_Collected data_.
-=-=-

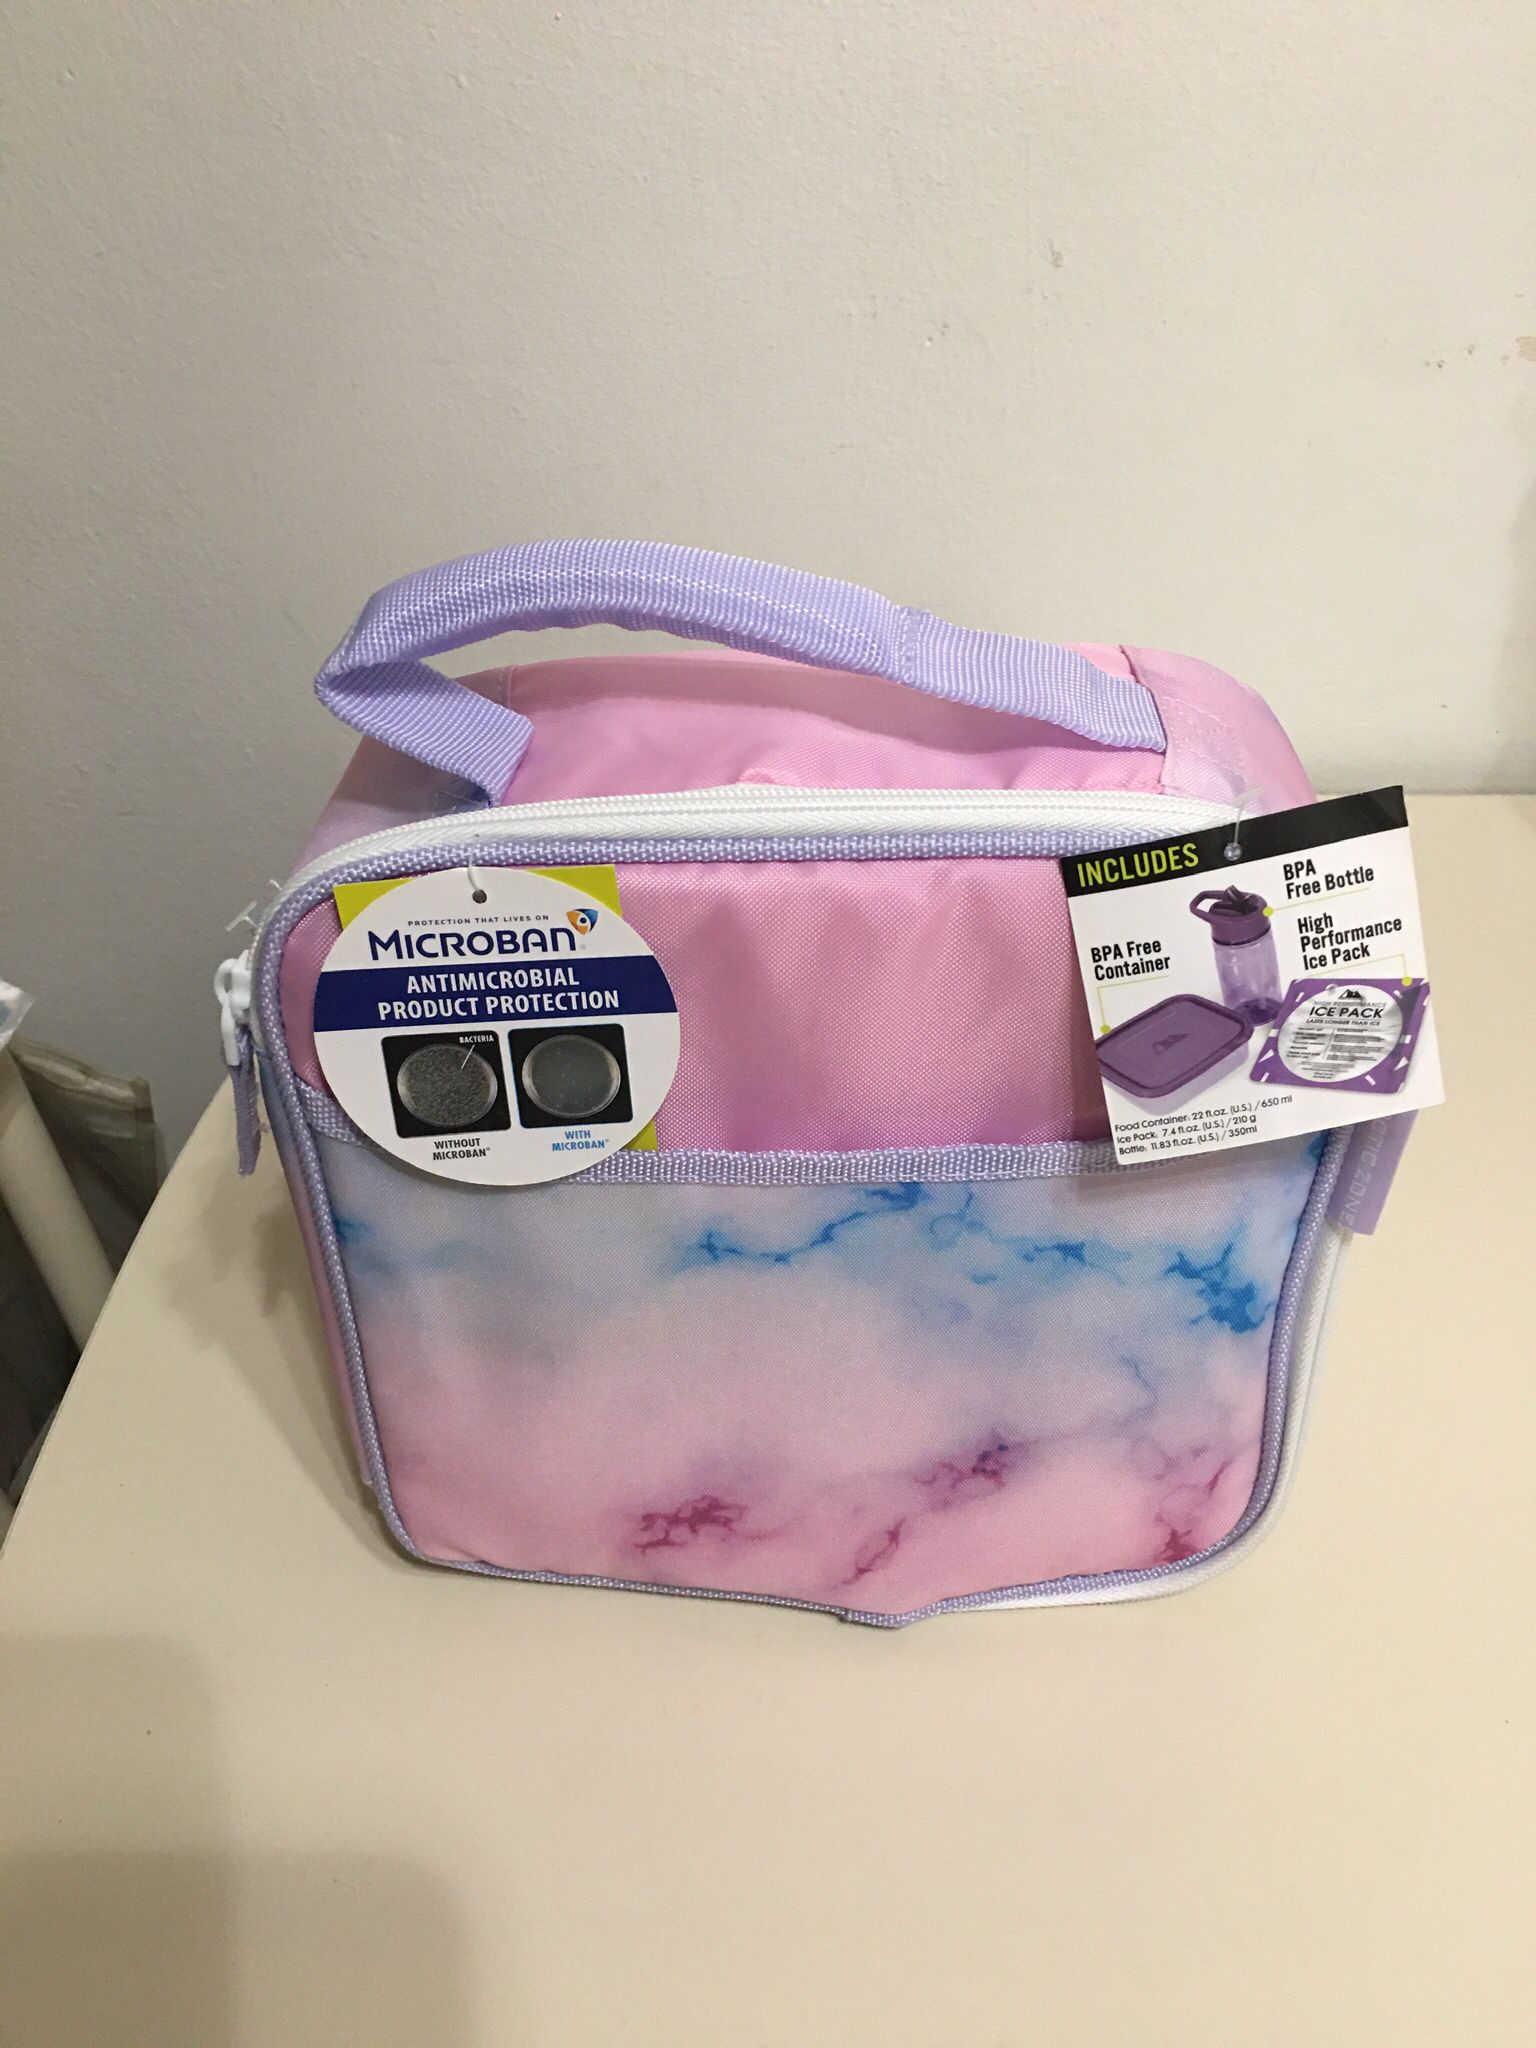 Artic Insulated Kids Lunch Box with Ice pack, Sandwich Container, Water Bottle
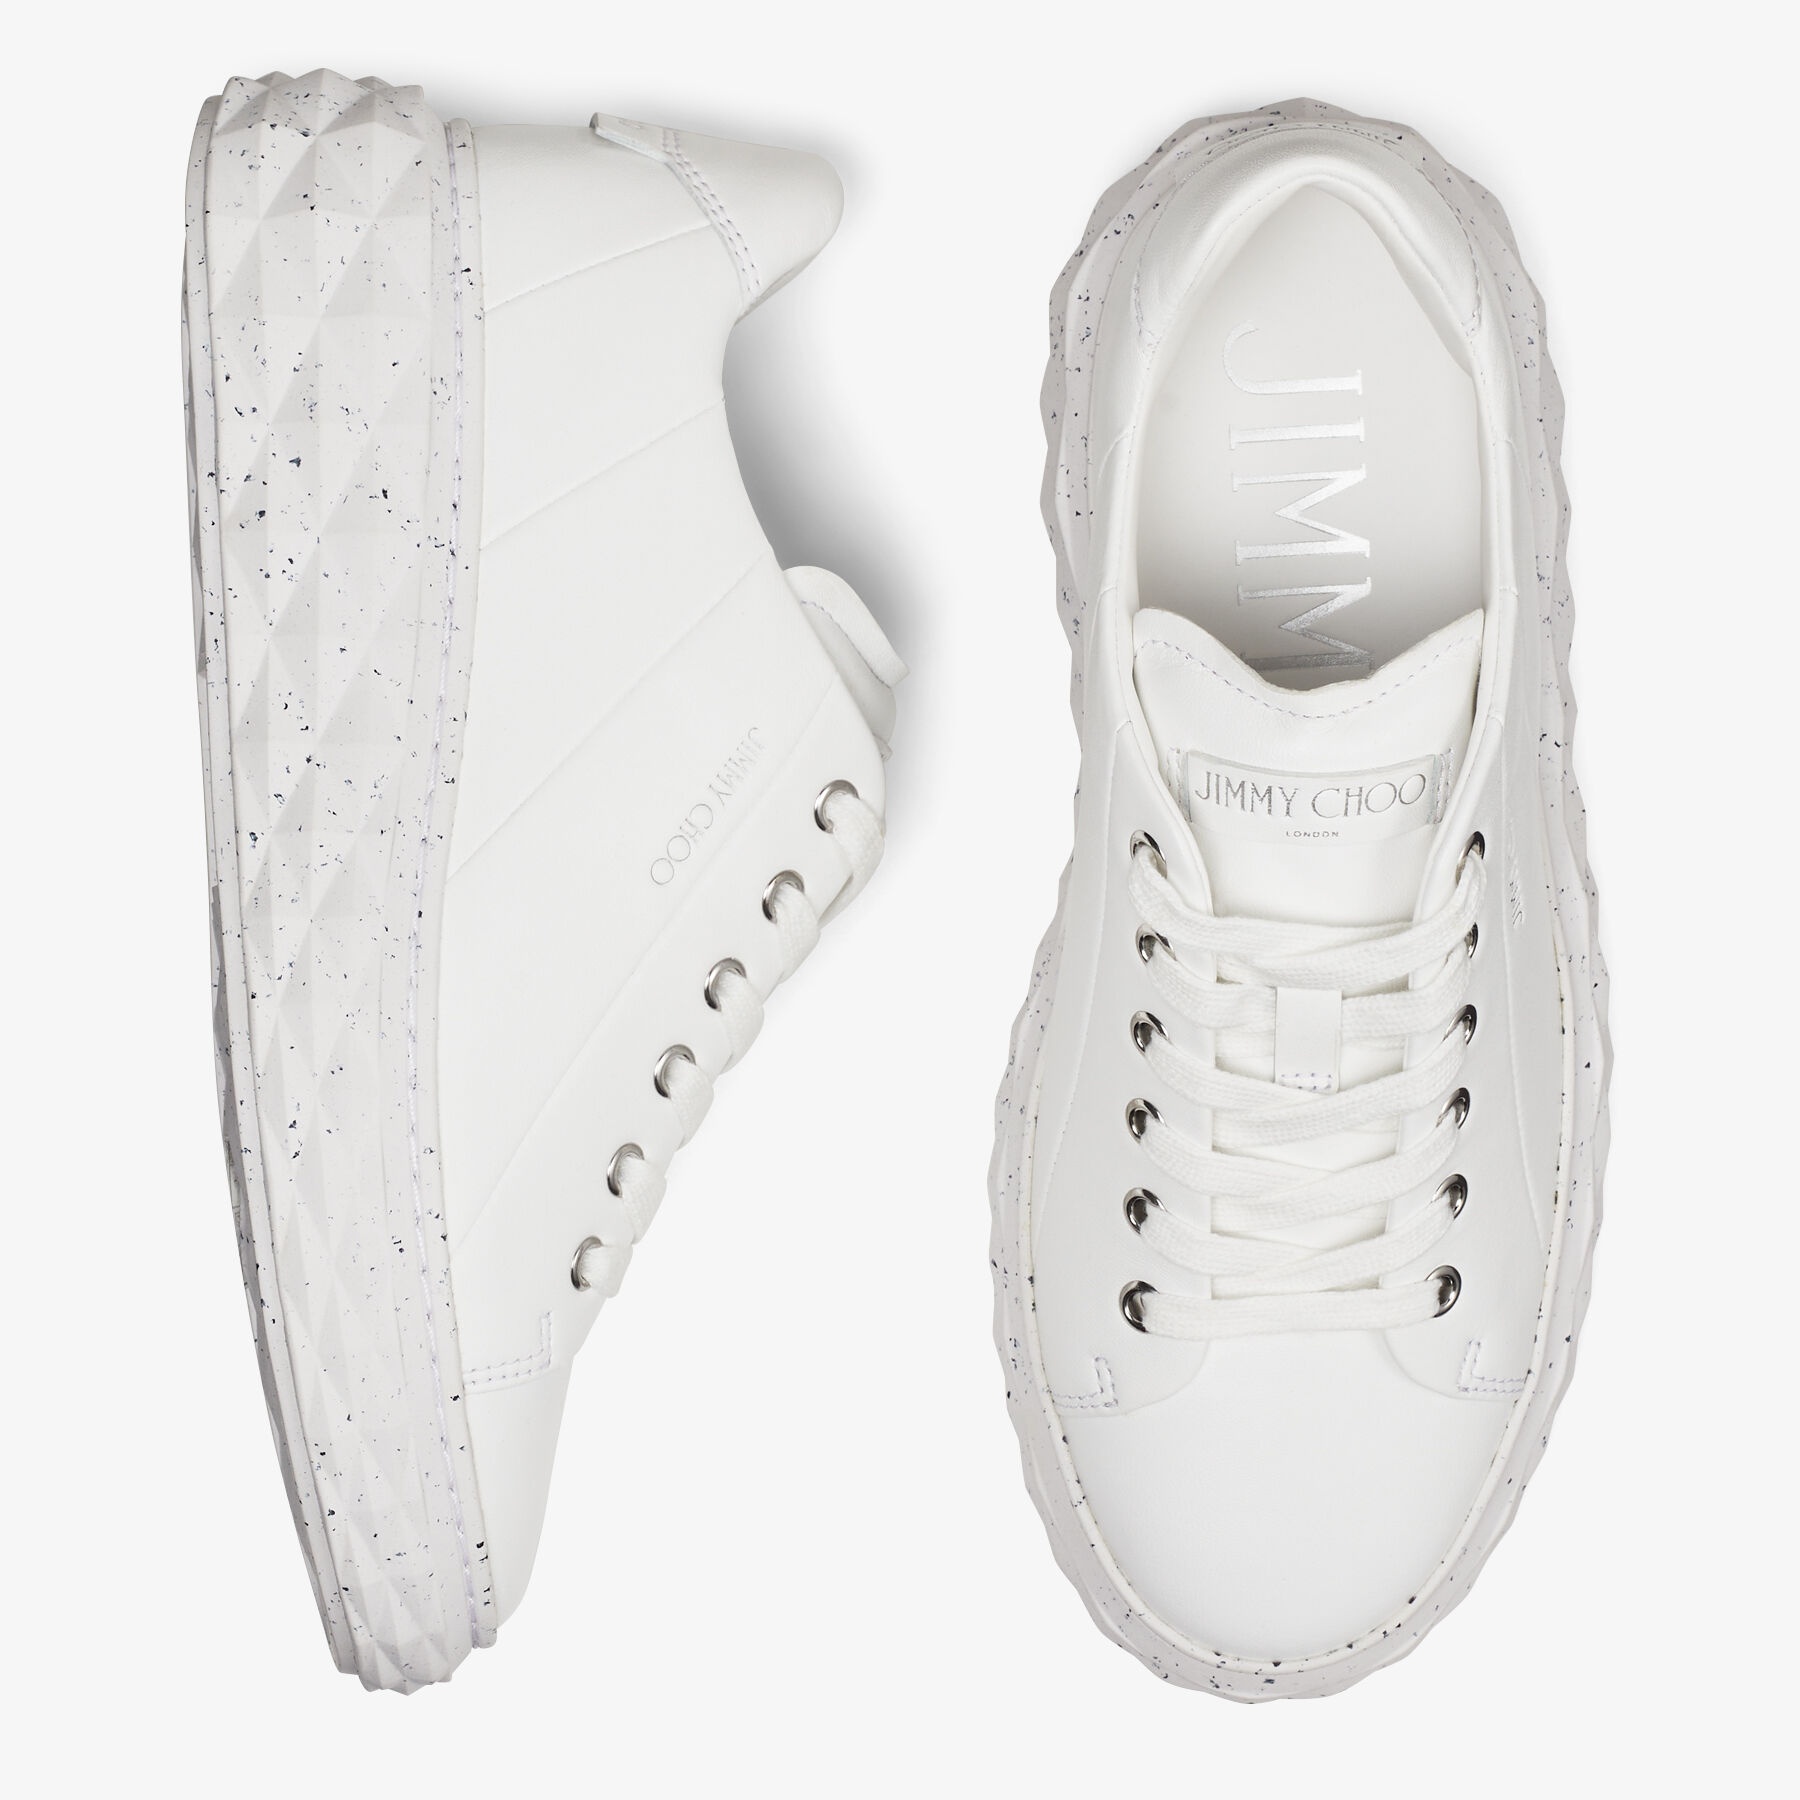 Diamond Light Maxi/F
White Nappa Leather Low-Top Trainers with Platform Sole - 6

-=-=-

Line by line and exactly, write out the material above. Skip the pictures.

 Artic Insulated Kids Lunch Box with Ice pack, Sandwich Container, Water Bottle
 Diamond Light Maxi/F
White Nappa Leather Low-Top Trainers with Platform Sole - 6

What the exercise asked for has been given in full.